» **Task**
Would you output the listing exactly, with every image omitted?

[[ Source material open ]]

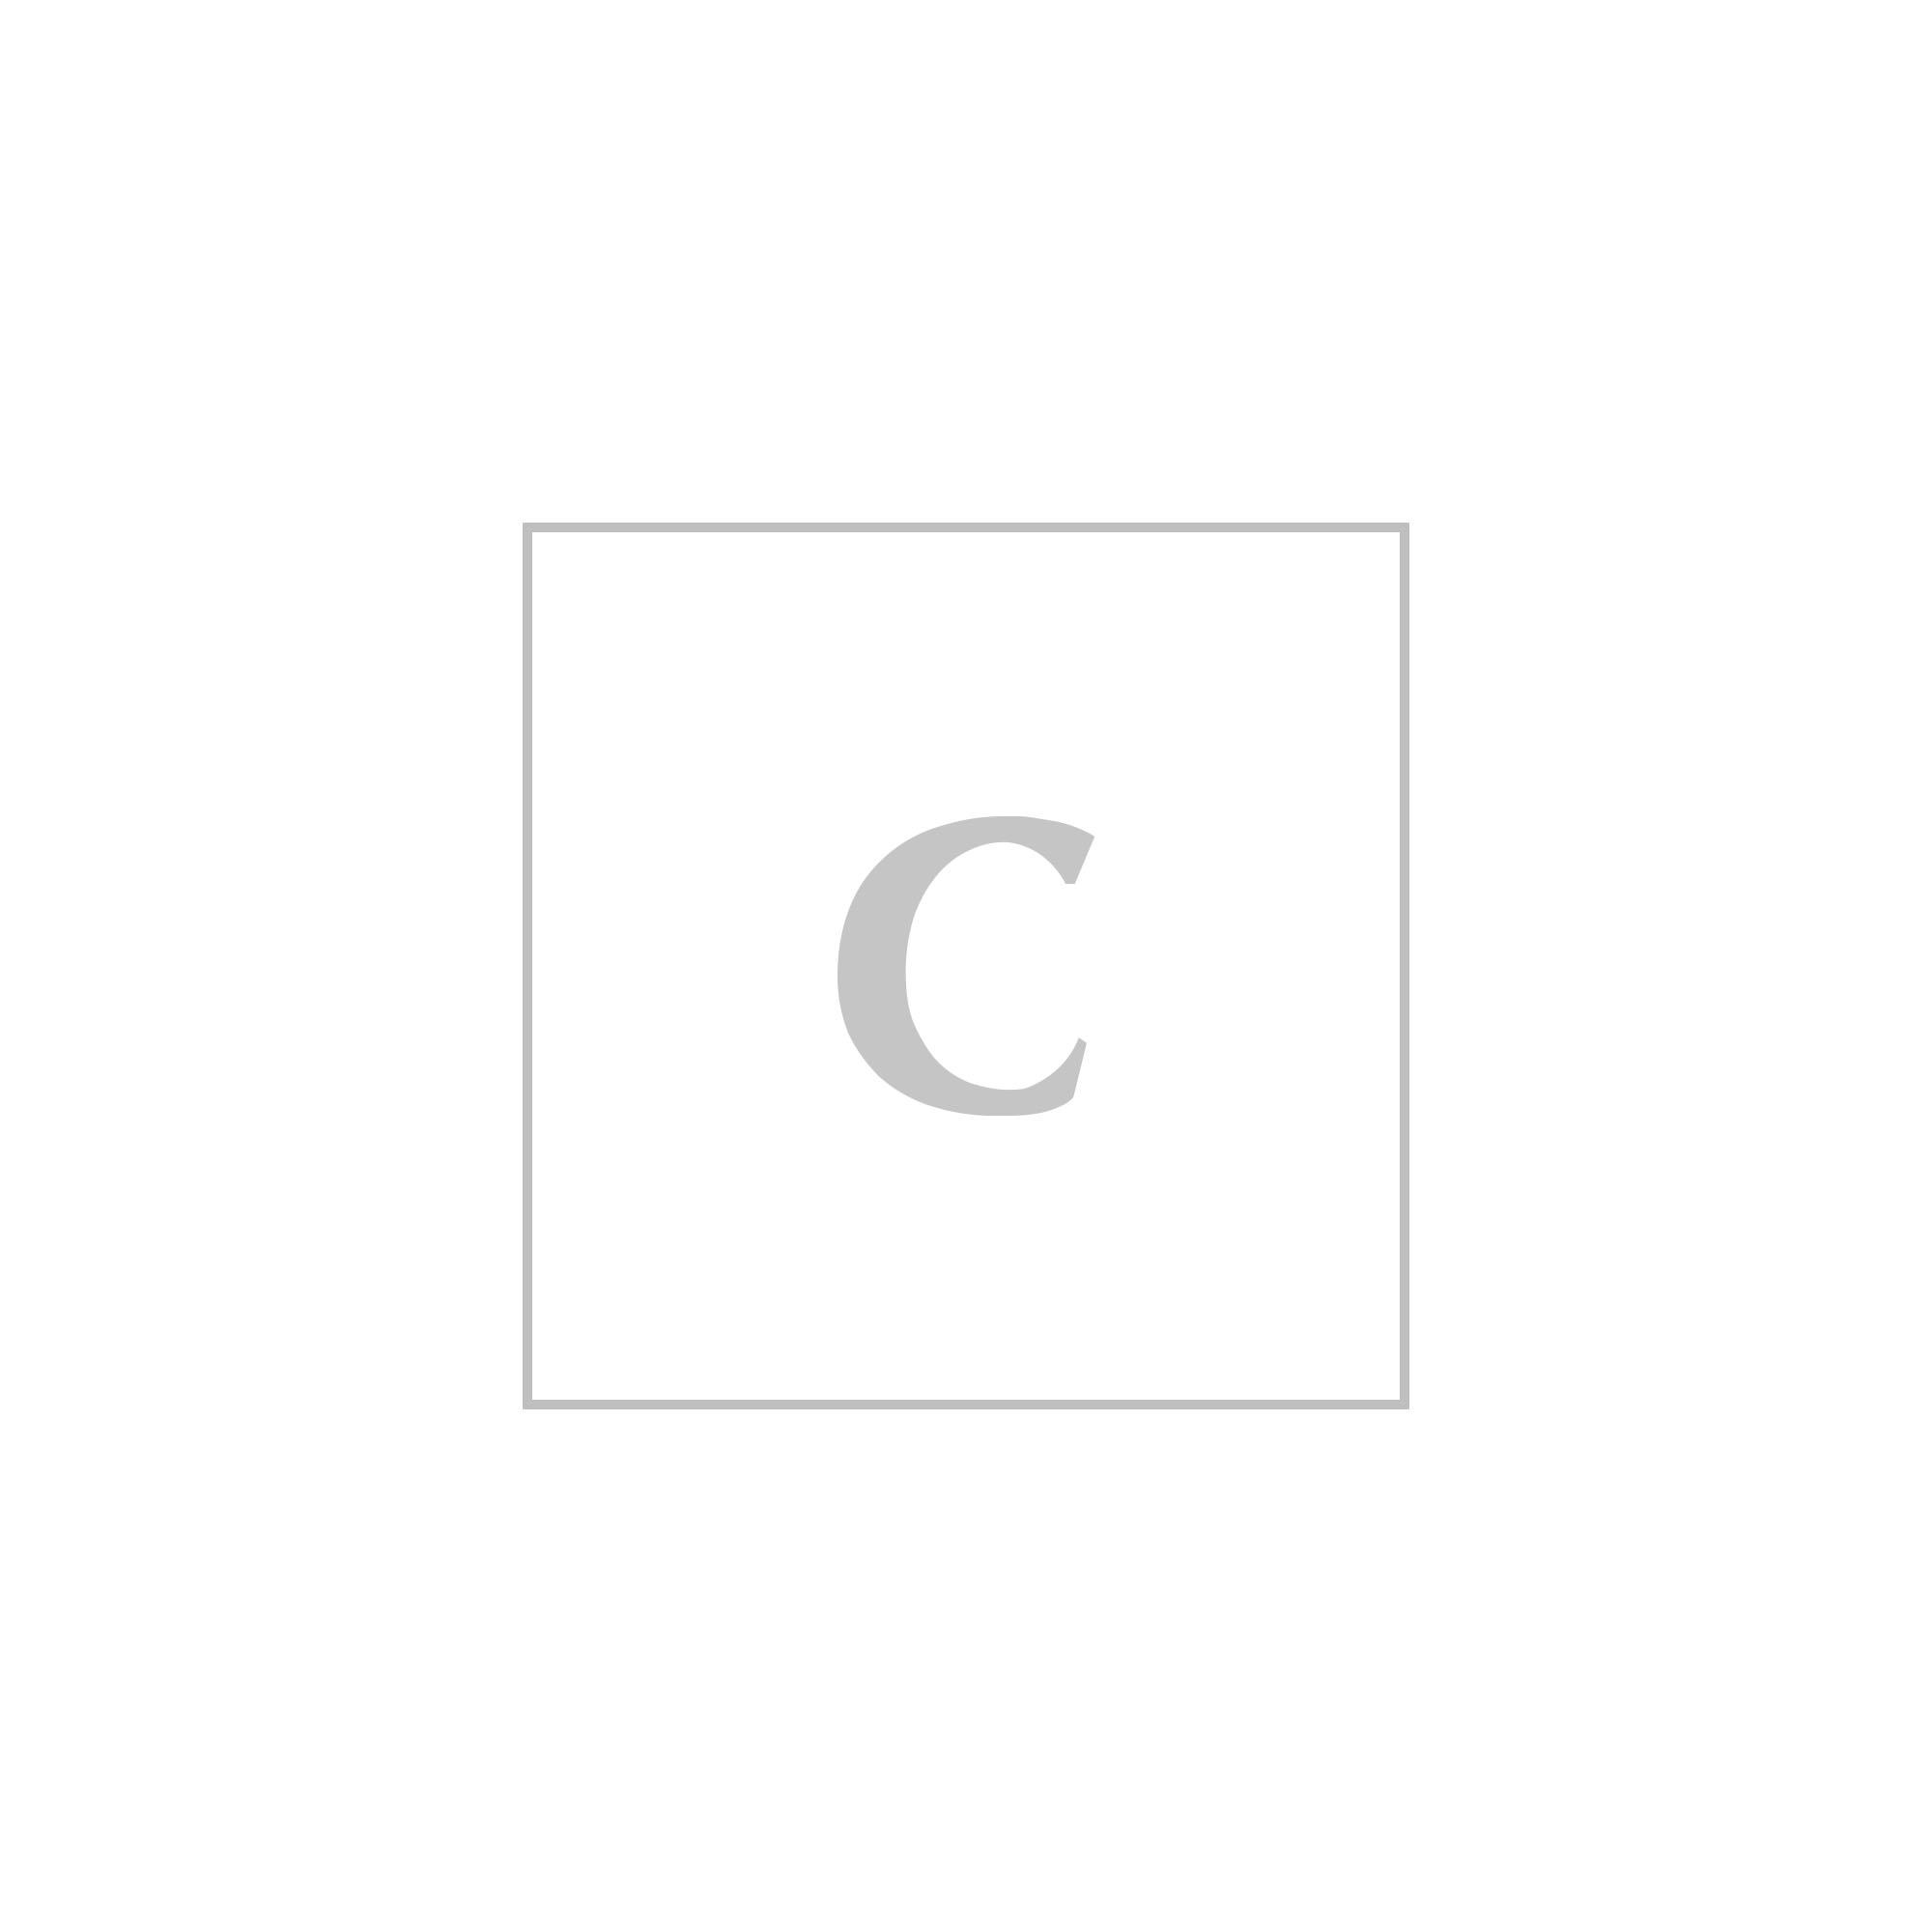 Salvatore ferragamo p.foglio stitch 669775 002 nappa plongo
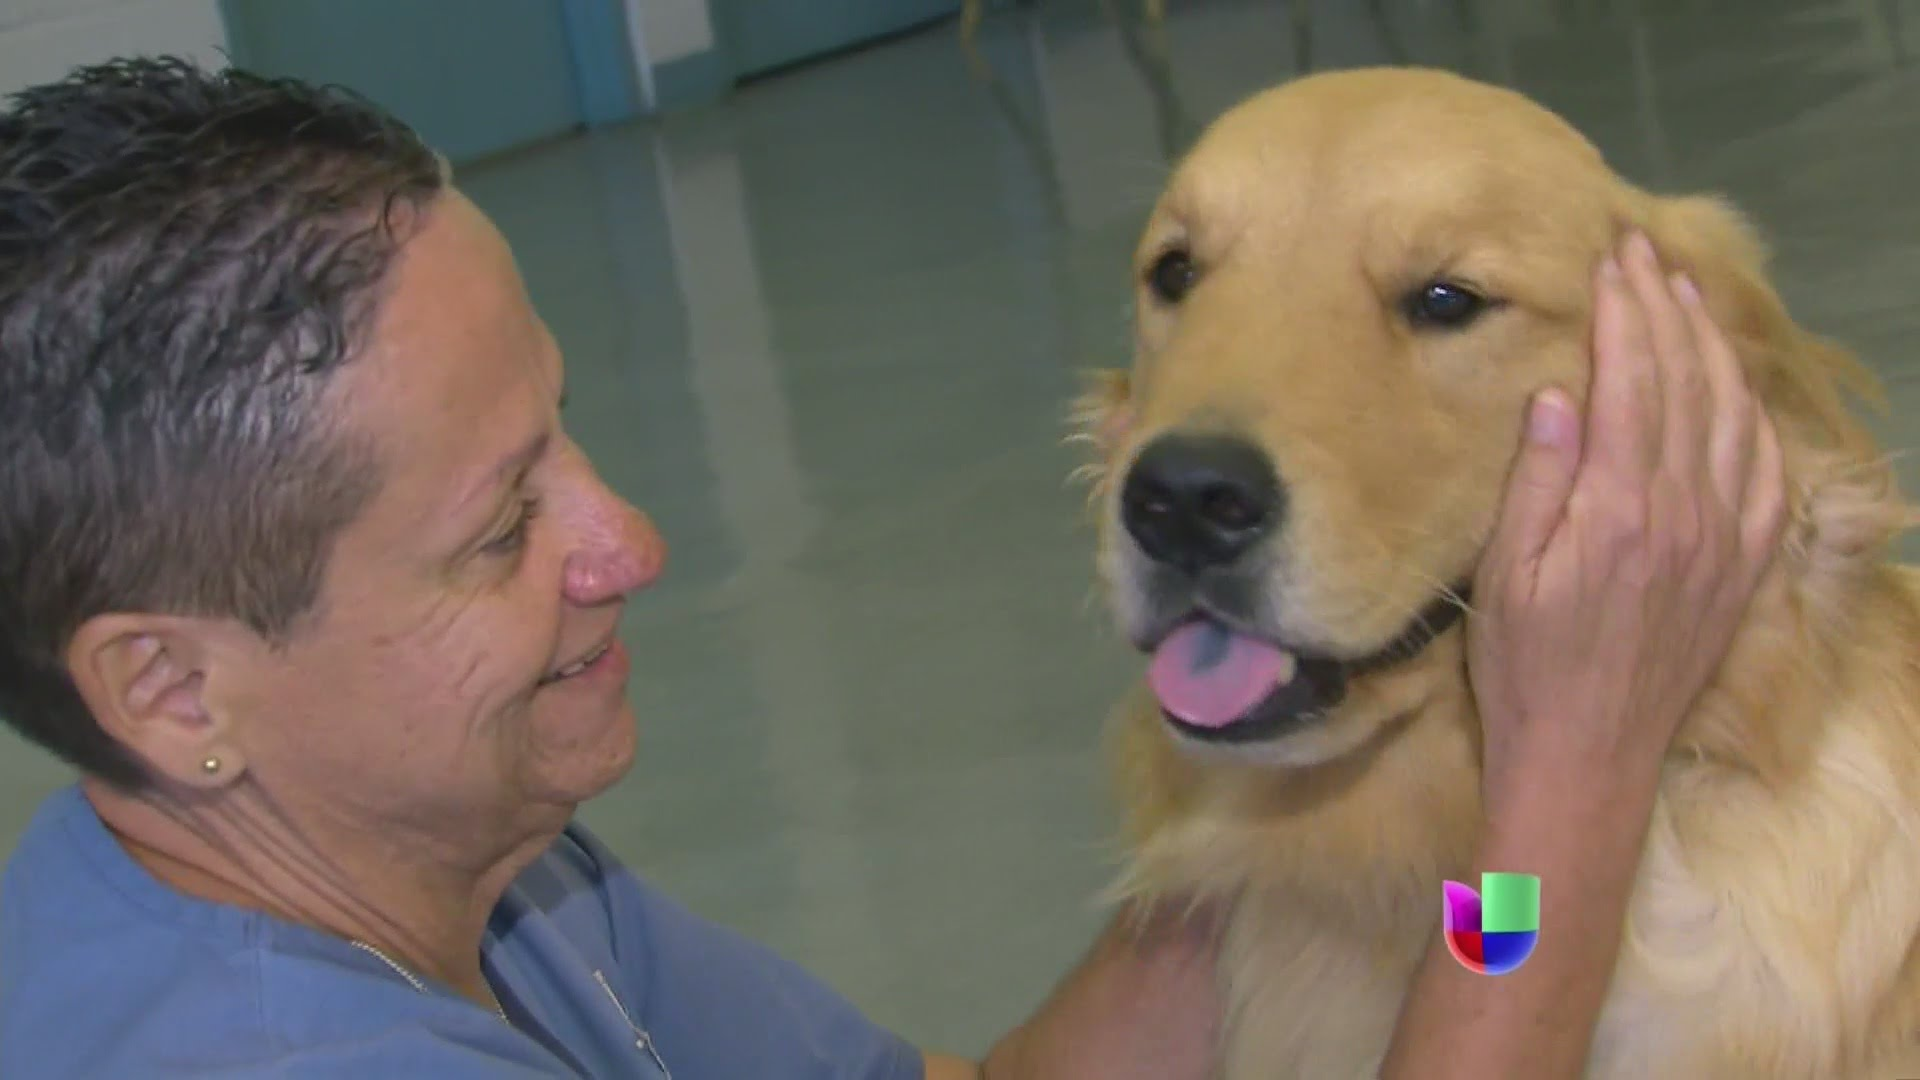 Le han cambiado el sentido a la vida de muchos: perros en la prisión
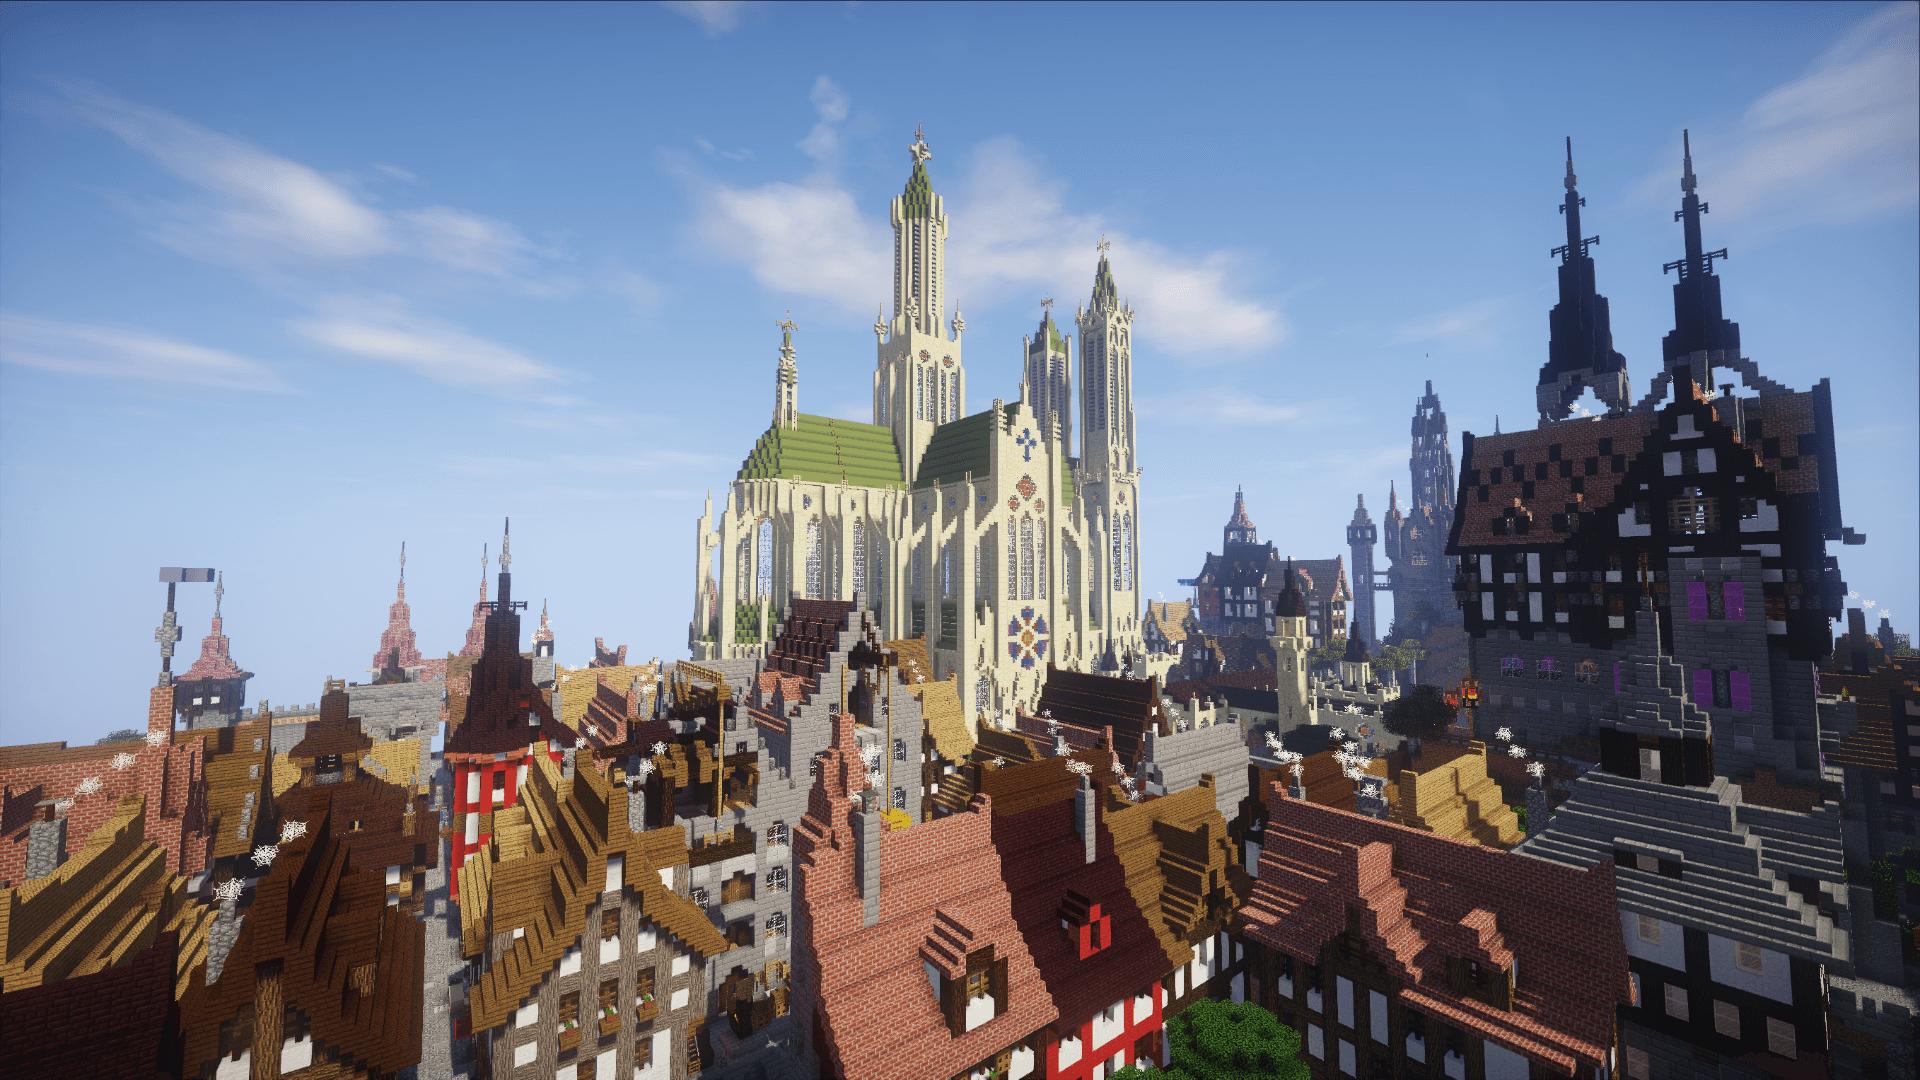 Mittelalterstadt Minecraft.png

[[ Source material closed ]]

» **Result of the task**
 Salvatore ferragamo p.foglio stitch 669775 002 nappa plongo
 Le han cambiado el sentido a la vida de muchos: perros en la prisión
 Mittelalterstadt Minecraft.png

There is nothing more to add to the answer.